Friday, September 9, 2016

Nightmare Castle

Nightmare Castle (1965)
Dir. Mario Caiano
Written by Mario Caiano, Fabio De Agostini
Starring Barbara Steele, Paul Muller, Helga Linè,

Another day, another classy Italian Gothic Barbara Steele joint, and in this case another one with some startling similarities to the previous year’s LONG HAIR OF DEATH. For the second time in two years, Barbara plays a woman murdered by a jealous lover who returns to get revenge in the form of another Barbara Steele. But whatever, it’s not like Seagal movies all have radically different plots or anything either. This is just Barbara’s thing, and she’s aces at it, even in the hands of a more minor Italian genre director -- in this case Mario Caiano (mostly known for his swords n’ sandals works, though by 1977 he had fallen upon times sufficiently hard to make the truly repellent-sounding Nazi hardcore sexploitation debacle NAZI LOVE CAMP 27).


This one is maybe a tad less obviously exploitative than LONG HAIR (no boobs, no maggot-ridden corpses), but it’s much more solidly constructed, with an unusually complete and satisfying screenplay that actually adds semi-logical complications and builds tension like a real movie would. LONG HAIR probably had more weird stuff, but it’s kind of a strange, meandering movie which needlessly convolutes what should theoretically be a pretty straightforward revenge plot. NIGHTMARE CASTLE gets to the point much more directly, with the despicable Dr. Arrowsmith (Paul Muller, JESS FRANCO’S DRACULA discovering his wife (Barbara Steel #1) shtupping the gardner (Rik Battaglia, DUCK, YOU SUCKA) and promptly murdering them both, but not before saving their hearts in a secret tank in a hidden compartment of a statue (for, you know, reasons). I know you Mens’ Rights types would consider this justified behavior, but did I mention Arrowsmith is himself banging the septuagenarian Lady MacBethian maid (Helga Linè, HORROR EXPRESS, HORROR RISES FROM THE TOMB), and using his ex’s blood in a bizarre medical procedure to make her young again? So sorry, no excuses.

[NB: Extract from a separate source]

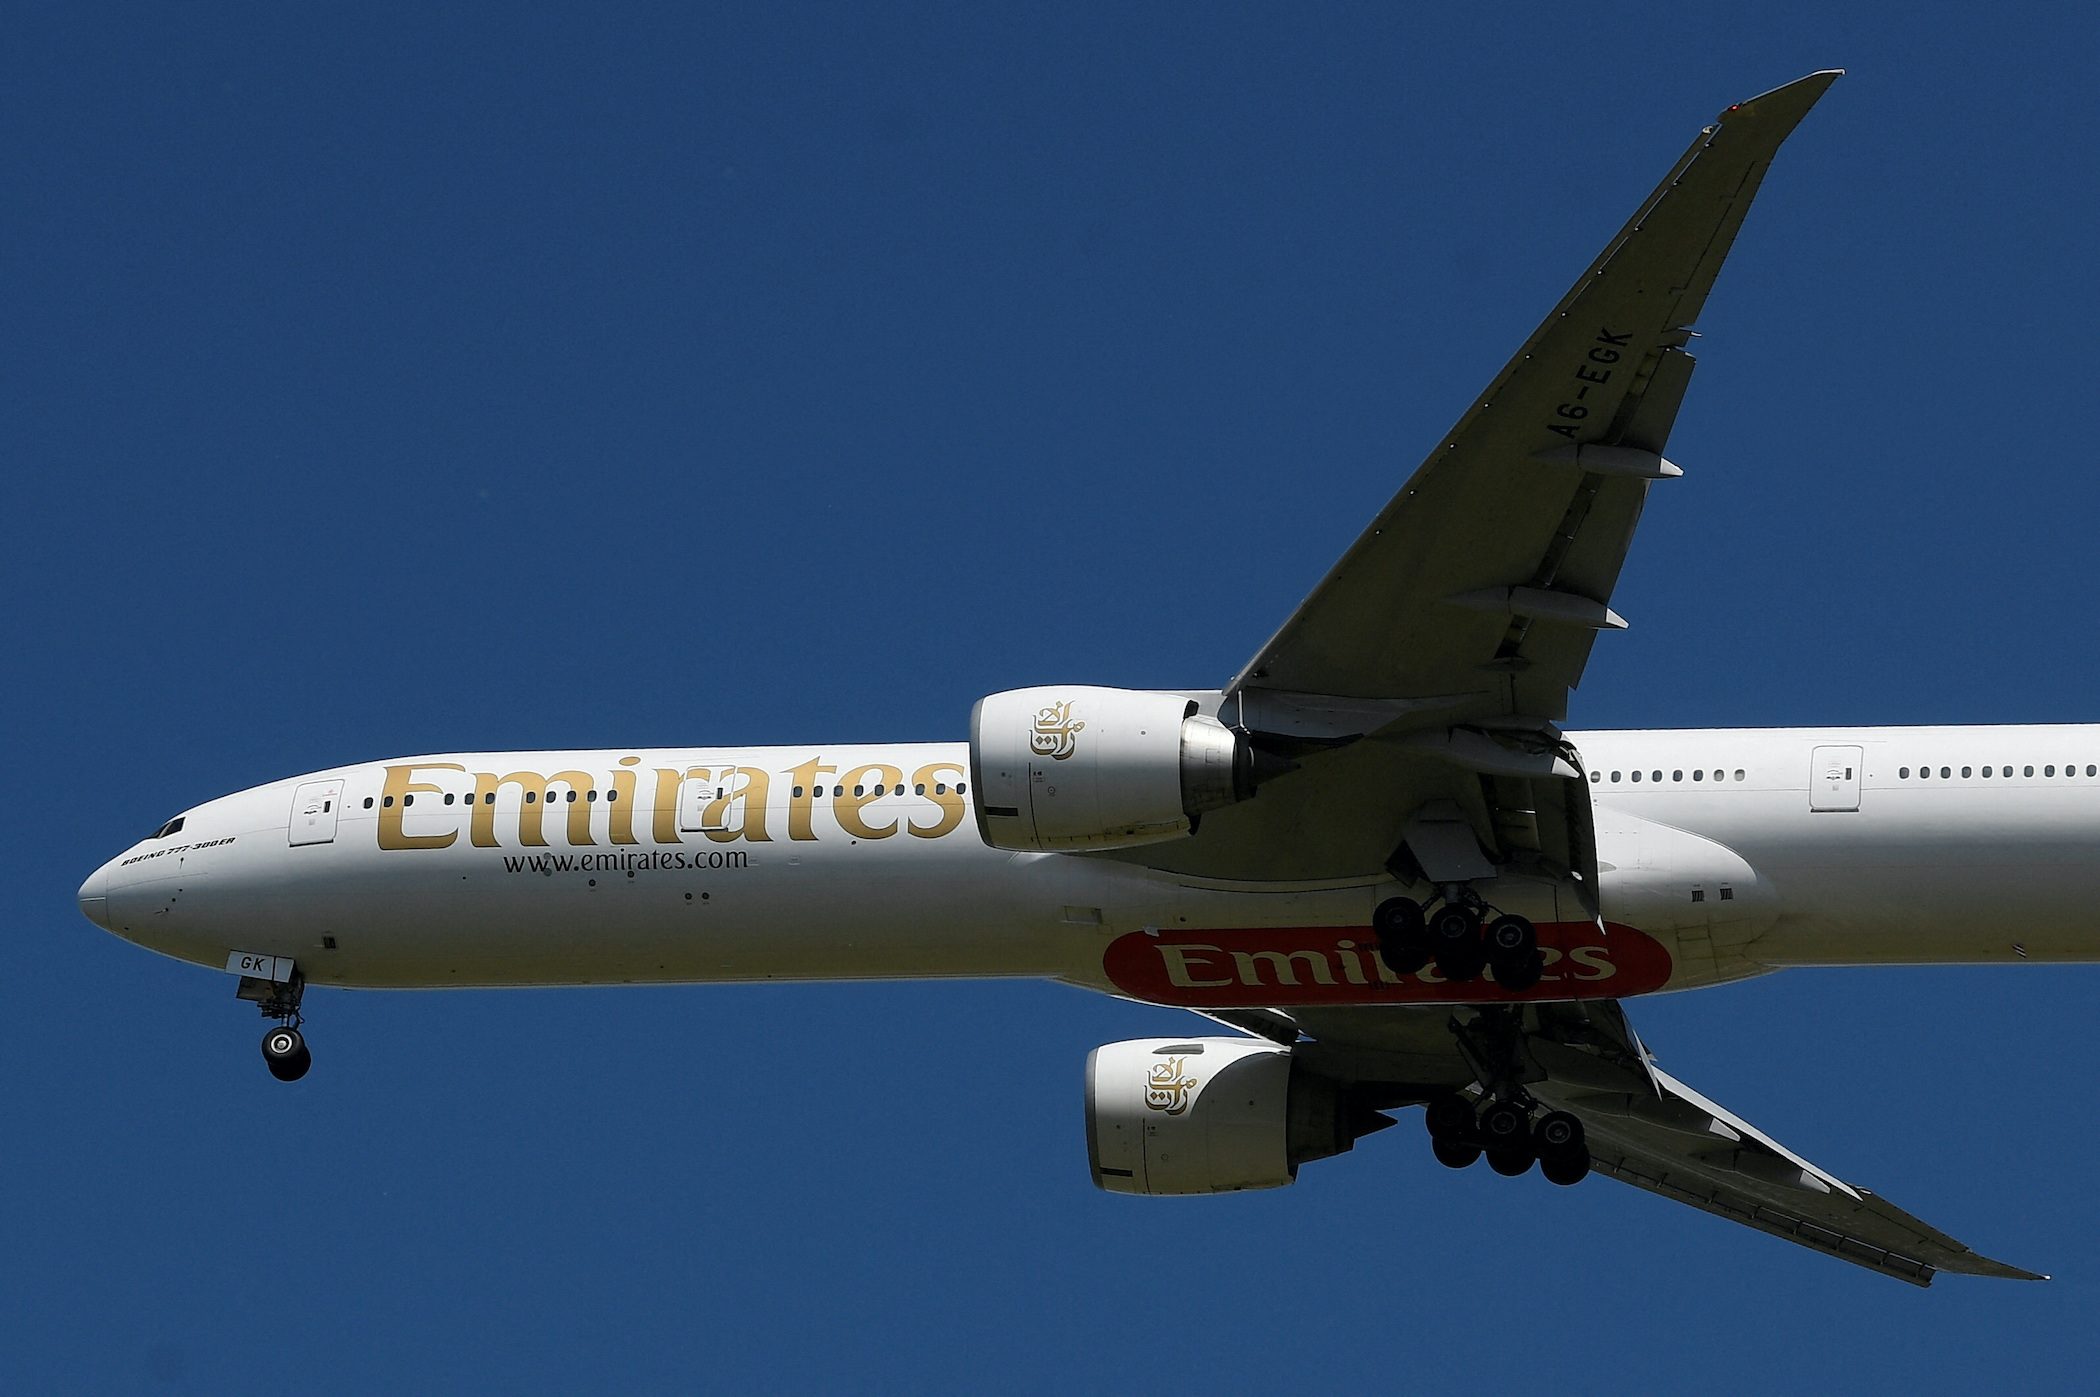 Emirates airline sees air travel equilibrium in 2023

Unfortunately for Arrowsmith, it turns out that the sole heir to his wife’s enormous fortune (and her opulent gothic castle, where he currently resides) is her sister Jenny (Barbara Steele Part 2: The Blonde One). We’re told that Jenny is mentally unstable (though I don’t see a lot of evidence for that) and so Arrowsmith strikes on a plan: marry the sister and then act all creepy to drive her insane, so he can claim her inheritance. Jenny is surprisingly willing to go along with that (well, the first part anyway), and of course it’s not long before she’s being gaslighted and having nightmares about her sister and those mysterious disembodied hearts. But you gotta figure the dear departed Barbara Steele #1 is not done with her murderous husband yet, and, true to form, it builds to a solid revenge-y ending (though one not quite as perfectly sadistic as LONG HAIR OF DEATH).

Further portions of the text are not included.